Robots Eat Cars

April 9, 2026
A towering robot statue stands amidst bustling traffic on a street in Bangkok, Thailand.
Photo by Optical Chemist on Pexels

Robots on wheels

Modern cars are quietly becoming robots. What once was a chassis, an engine and a fuse box is evolving into centralized compute, zonal controllers, software-defined actuation and unified sensor buses — the same architectural DNA you’d find in a Boston Dynamics humanoid. It has been reported that Tesla confirmed Model S and Model X production has ended, with roughly 600 cars left in inventory, and that Fremont production lines are being repurposed to build Optimus humanoid robots — allegedly targeting mass production numbers (reports cite one million units per year at $20,000 each and public sales beginning in 2027). Tesla is also reportedly moving on a large actuator order and building a dedicated Optimus facility at Giga Texas; these are big bets that factories shouldered by decades of carmaking can flip to walking machines.

The wiring tells the tale

You don’t need to take the company line to see the shift; open a Tesla and the story is under the skin. Ford’s Jim Farley said his engineers “had prejudice,” until they saw a teardown: the Mach‑E harness was 70 pounds heavier and 1.6 kilometers longer than Tesla’s. The Cybertruck pushed that further — 155 wires instead of a traditional 400–500 — by moving to 48‑volt zones, Ethernet in place of CAN, and local zone controllers instead of central routing. S&P Global estimates Tesla holds roughly a five‑year lead in this electrical/electronic architecture. And yes, competitors are catching up: Ford’s next Universal Electric Vehicle platform adopts 48V zonal architecture, with five in‑house zone controllers and a wiring harness reportedly 1.2 kilometers shorter — the first $30,000 electric pickup is slated for 2027.
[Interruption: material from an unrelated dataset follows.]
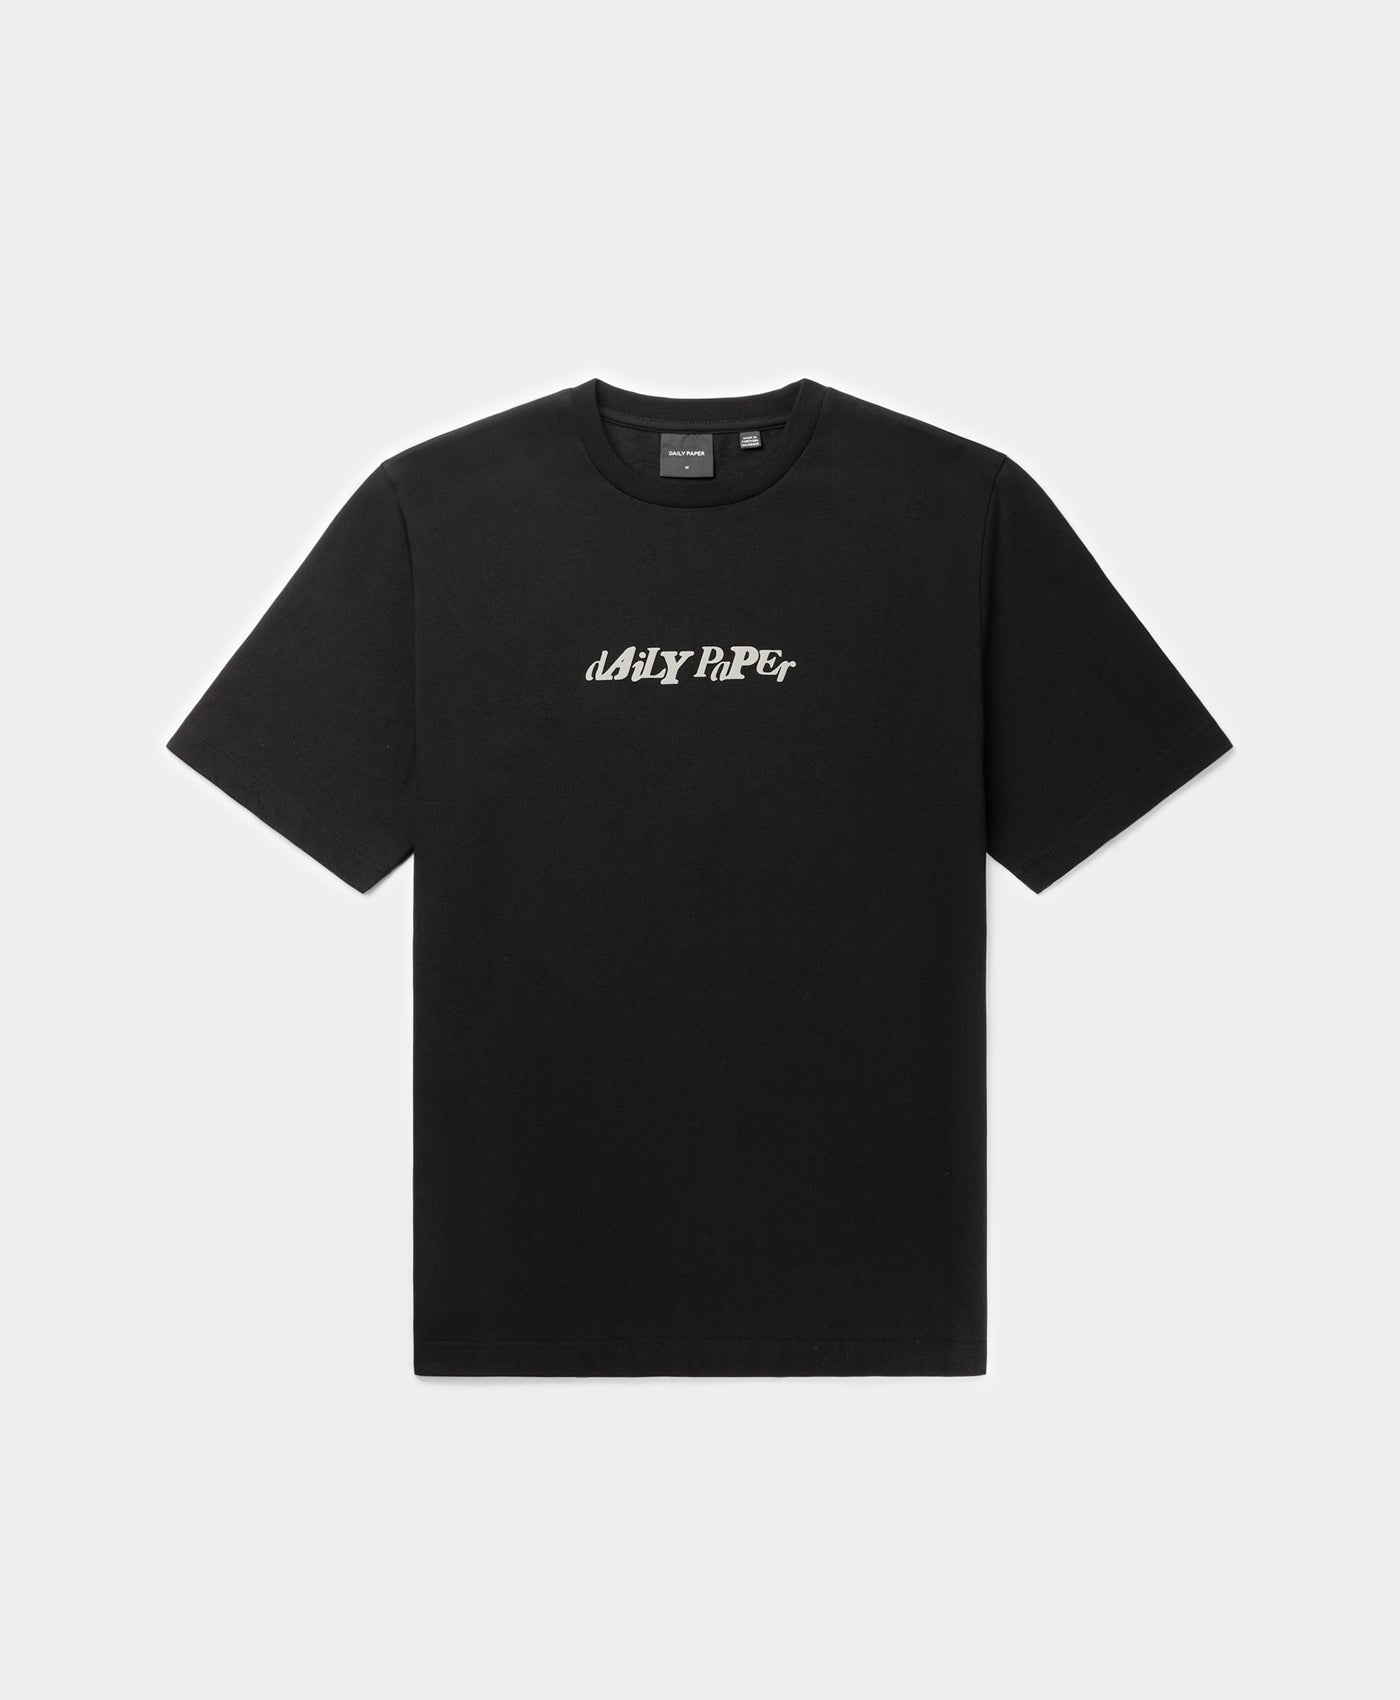 Daily Paper - Black Unified Type T-Shirt – Daily Paper Worldwide
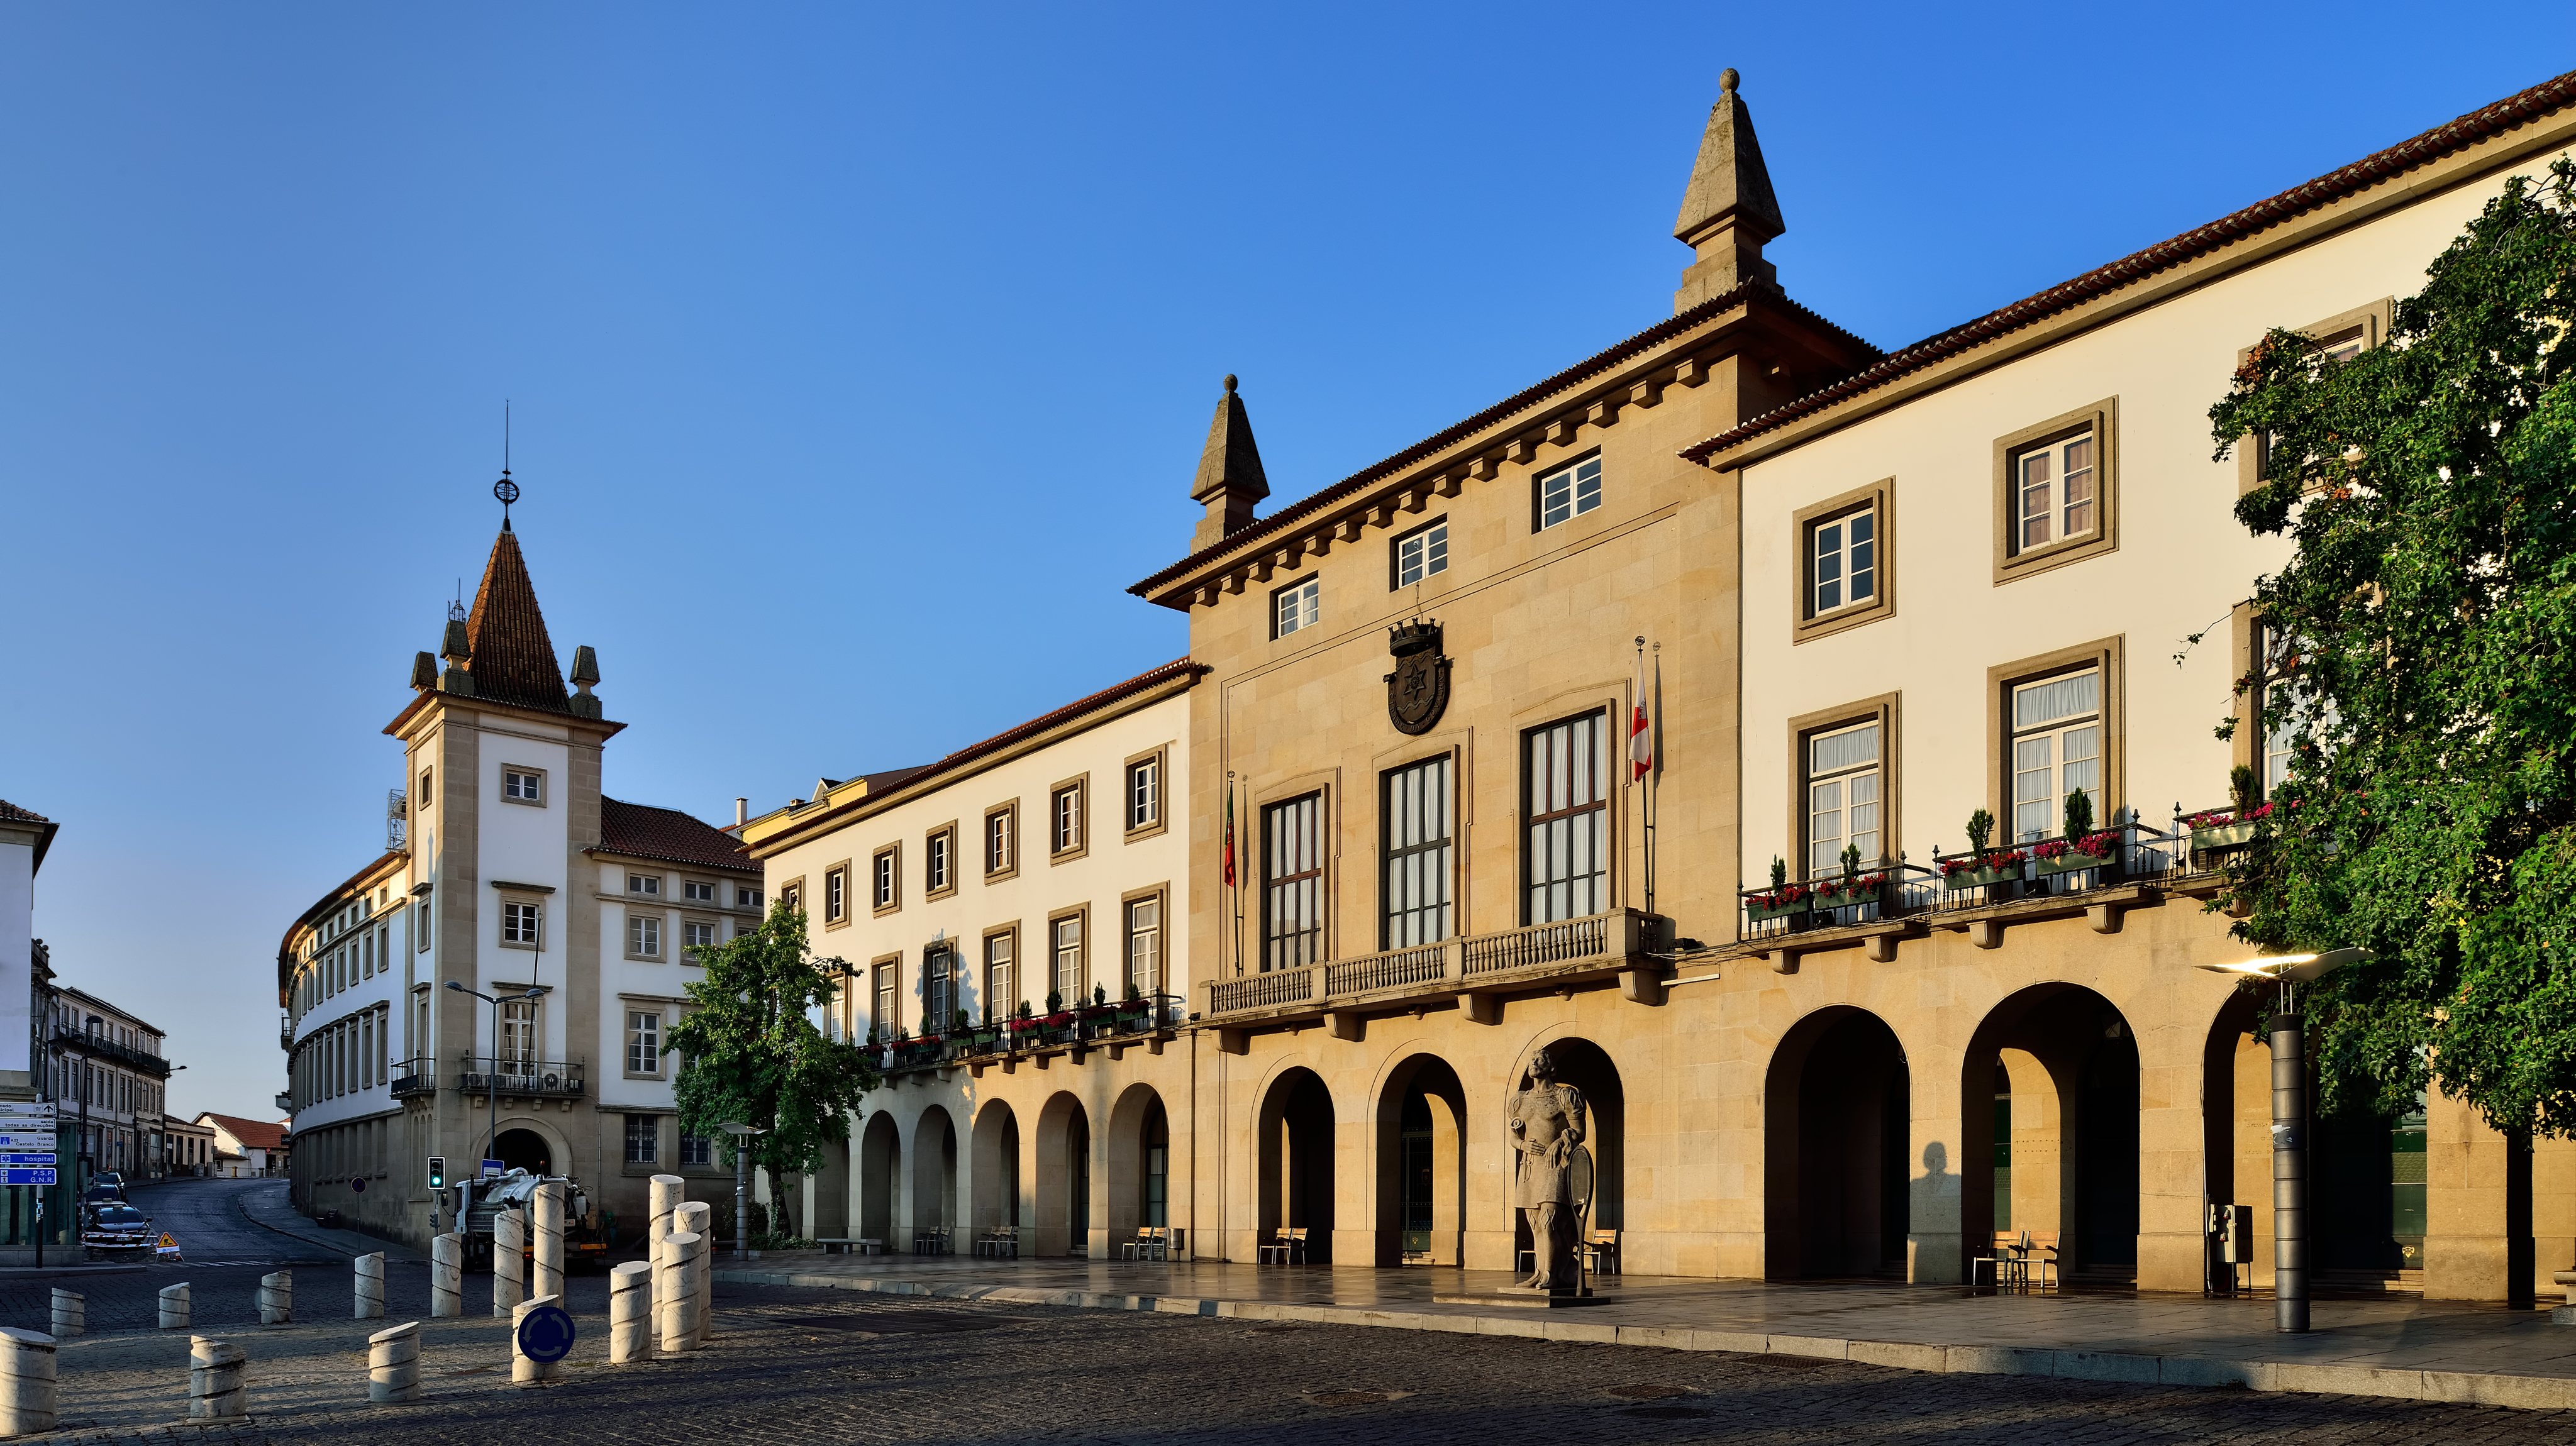 Covilhã - Town square and city hall

Suppliers race and what’s next

The supply chain is already reshuffling. Hyundai Mobis said it will supply actuators — which can account for more than 60% of a humanoid robot’s material cost — for Boston Dynamics’ Atlas. It has been reported that Boston Dynamics then requested additional components (grippers, sensors, controllers and batteries), with Atlas GM Zack Jackowski noting that tapping automotive cost structures offers scale potential. Mobis is reportedly weighing a U.S. factory to support this shift. Translation: car suppliers aren’t just selling parts to automakers anymore; they’re pivoting to power walking robots, factory arms and whatever comes next. So — is this the end of the car as we knew it, or just the start of vehicles joining the robot economy? Either way, the smell of motor oil will be mixed with servo grease for a long time to come.